---- MATERIAL TO PROCESS

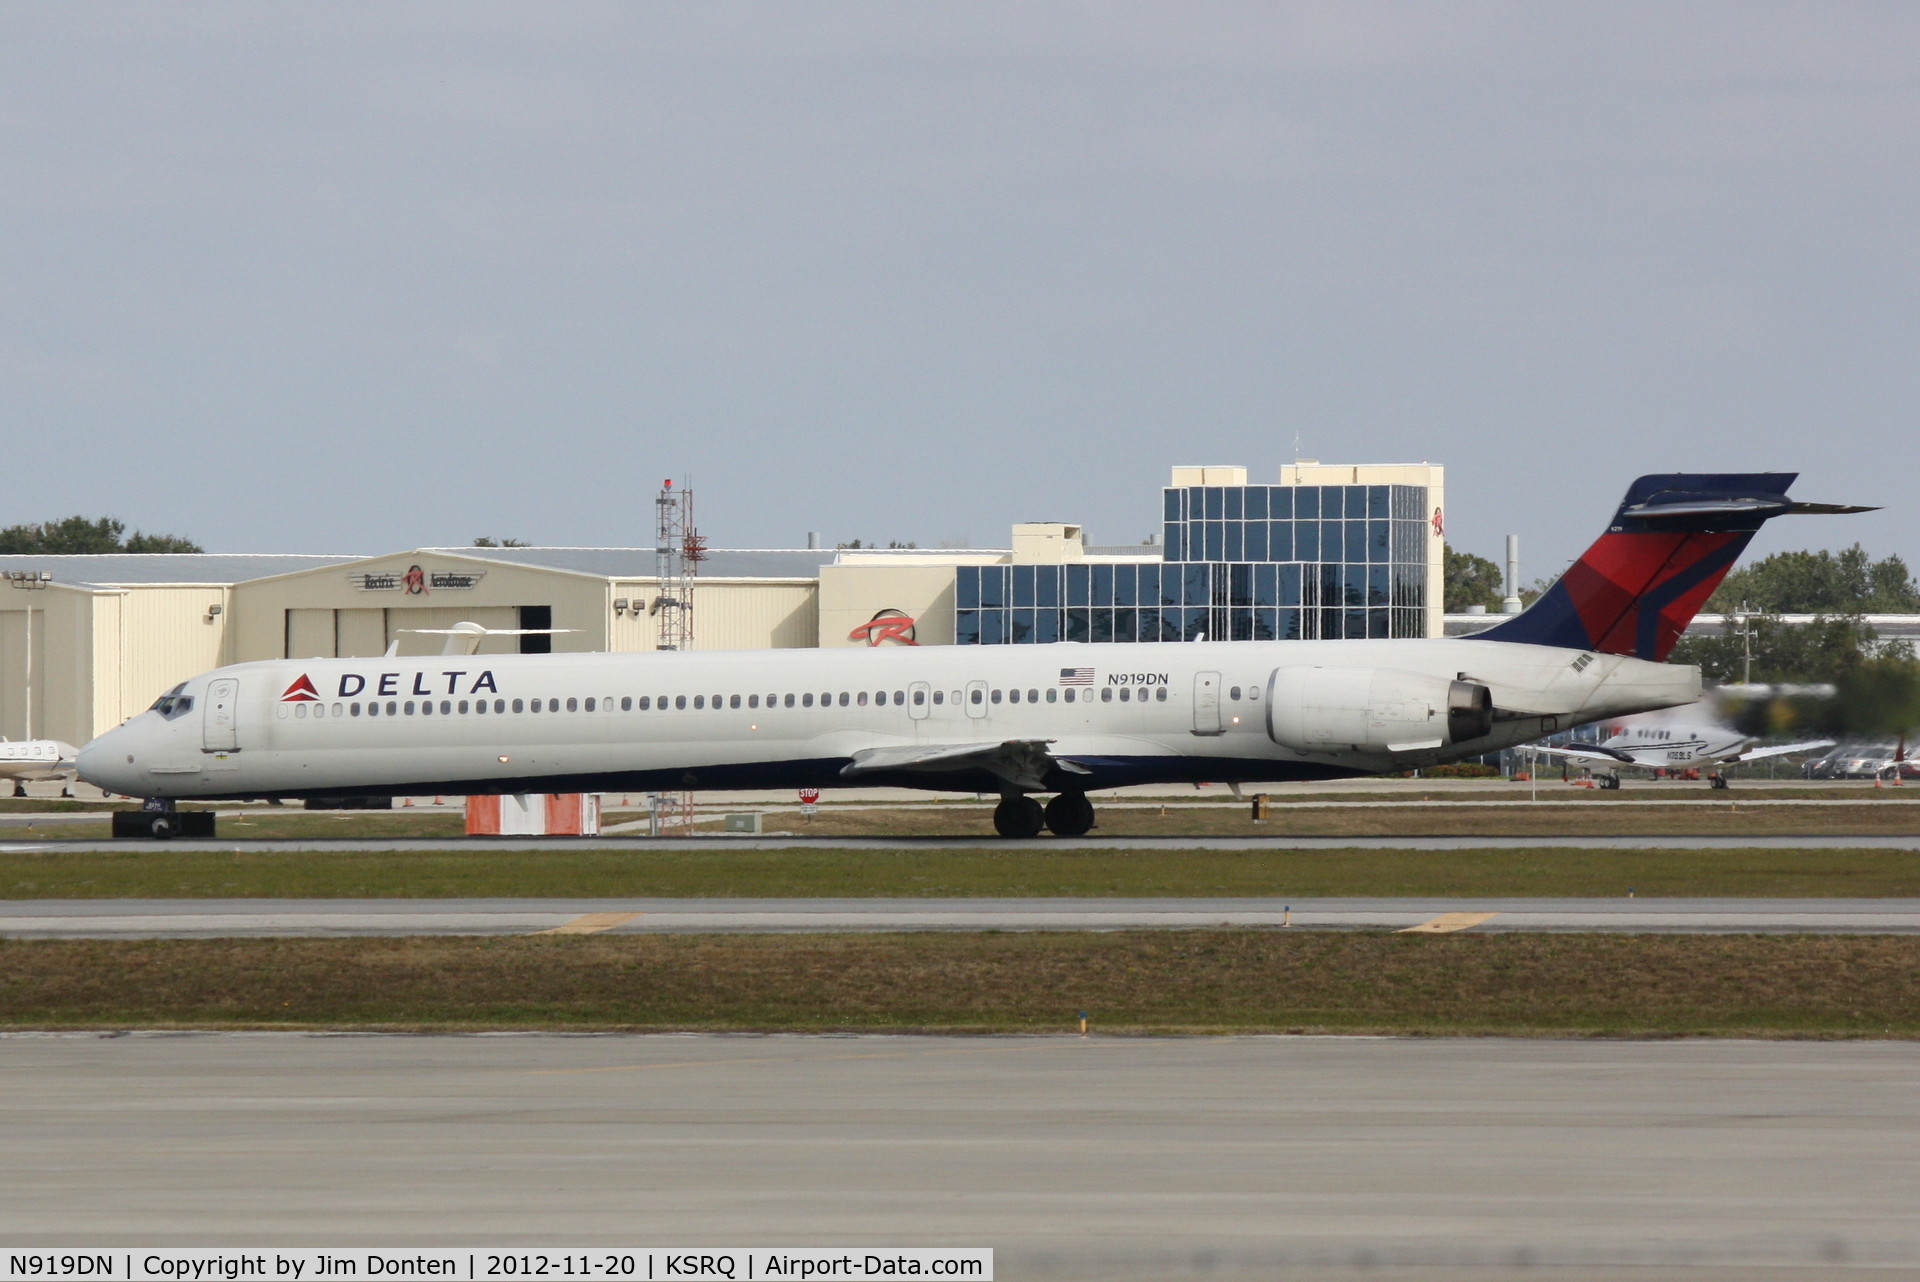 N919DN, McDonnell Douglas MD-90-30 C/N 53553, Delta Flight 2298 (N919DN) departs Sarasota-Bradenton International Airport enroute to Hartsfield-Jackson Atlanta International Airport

--------
---- MATERIAL TO PROCESS

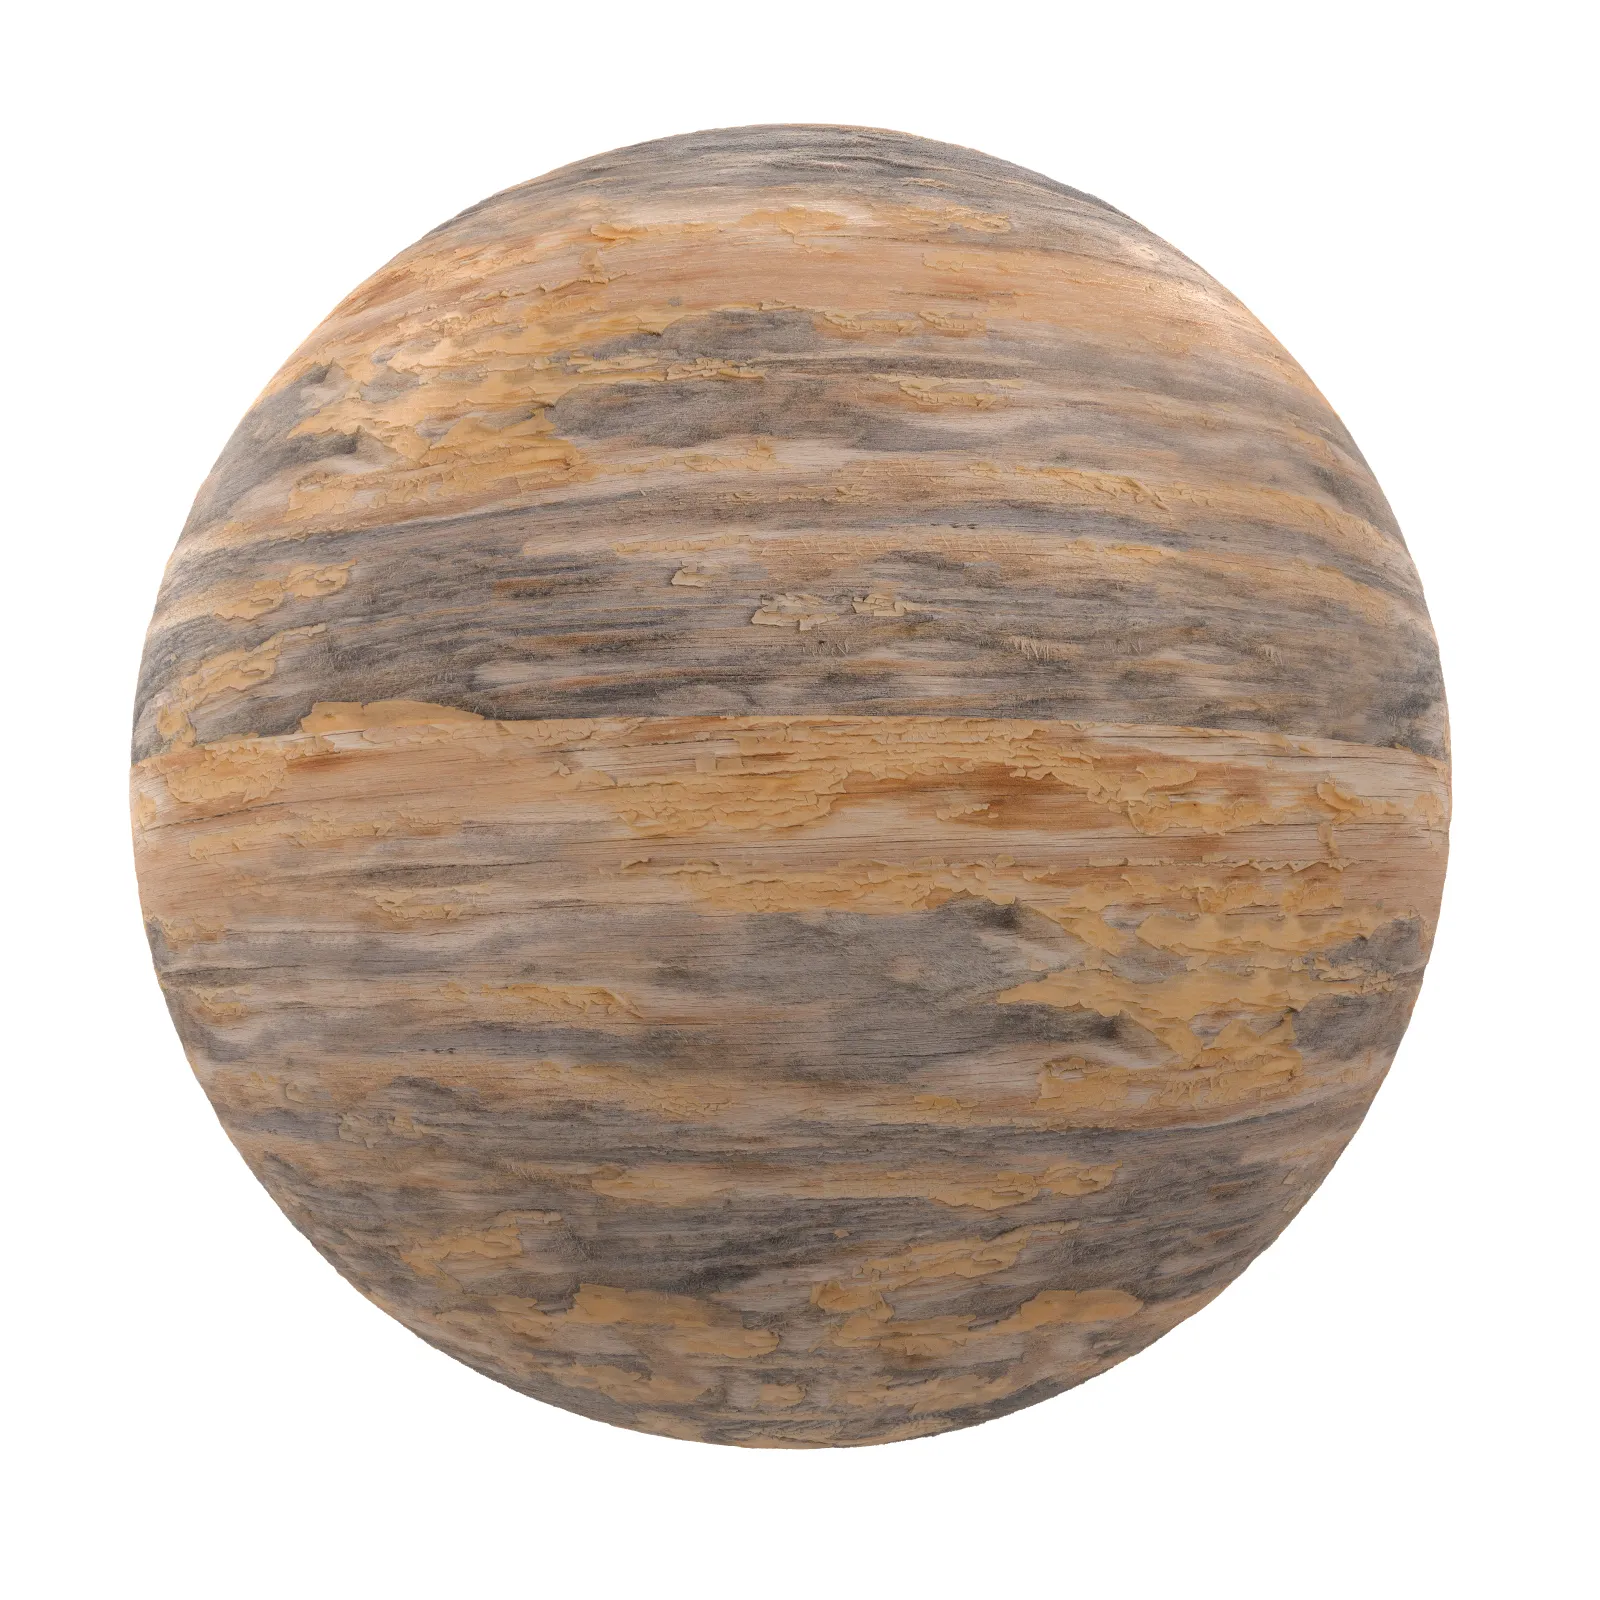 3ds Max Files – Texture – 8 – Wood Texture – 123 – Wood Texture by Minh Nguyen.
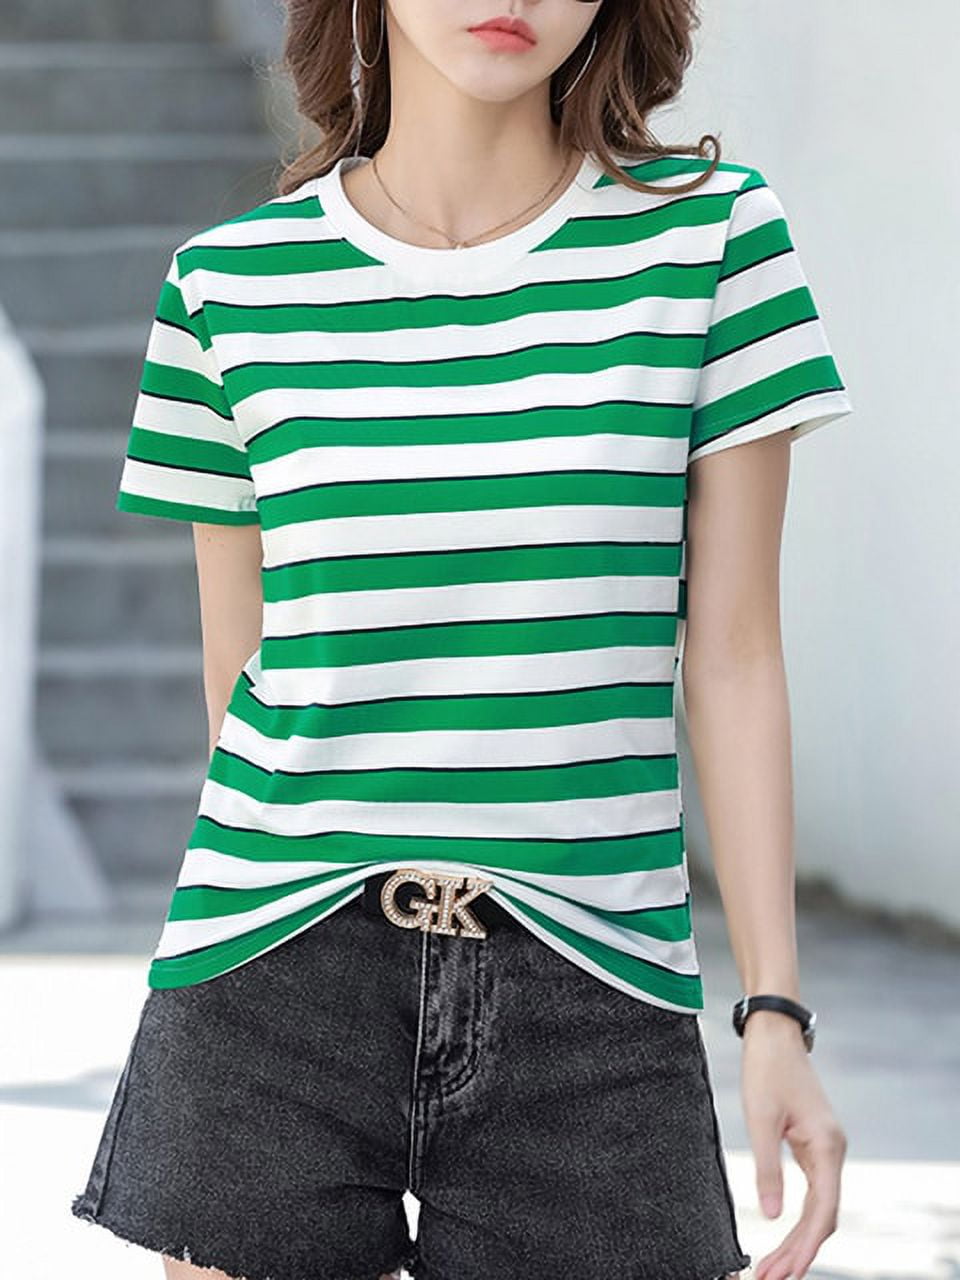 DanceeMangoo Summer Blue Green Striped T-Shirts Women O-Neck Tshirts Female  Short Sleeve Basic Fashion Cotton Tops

--------

WHAT TO WORK ON: Going by the entries above, repeat exactly the lines that start at the line with "3ds Max Files" and go on through the line with "DanceeMangoo Summer Blue". Pictures are not part of the copy.

ANSWER SECTION:
 3ds Max Files – Texture – 8 – Wood Texture – 123 – Wood Texture by Minh Nguyen.
 DanceeMangoo Summer Blue Green Striped T-Shirts Women O-Neck Tshirts Female  Short Sleeve Basic Fashion Cotton Tops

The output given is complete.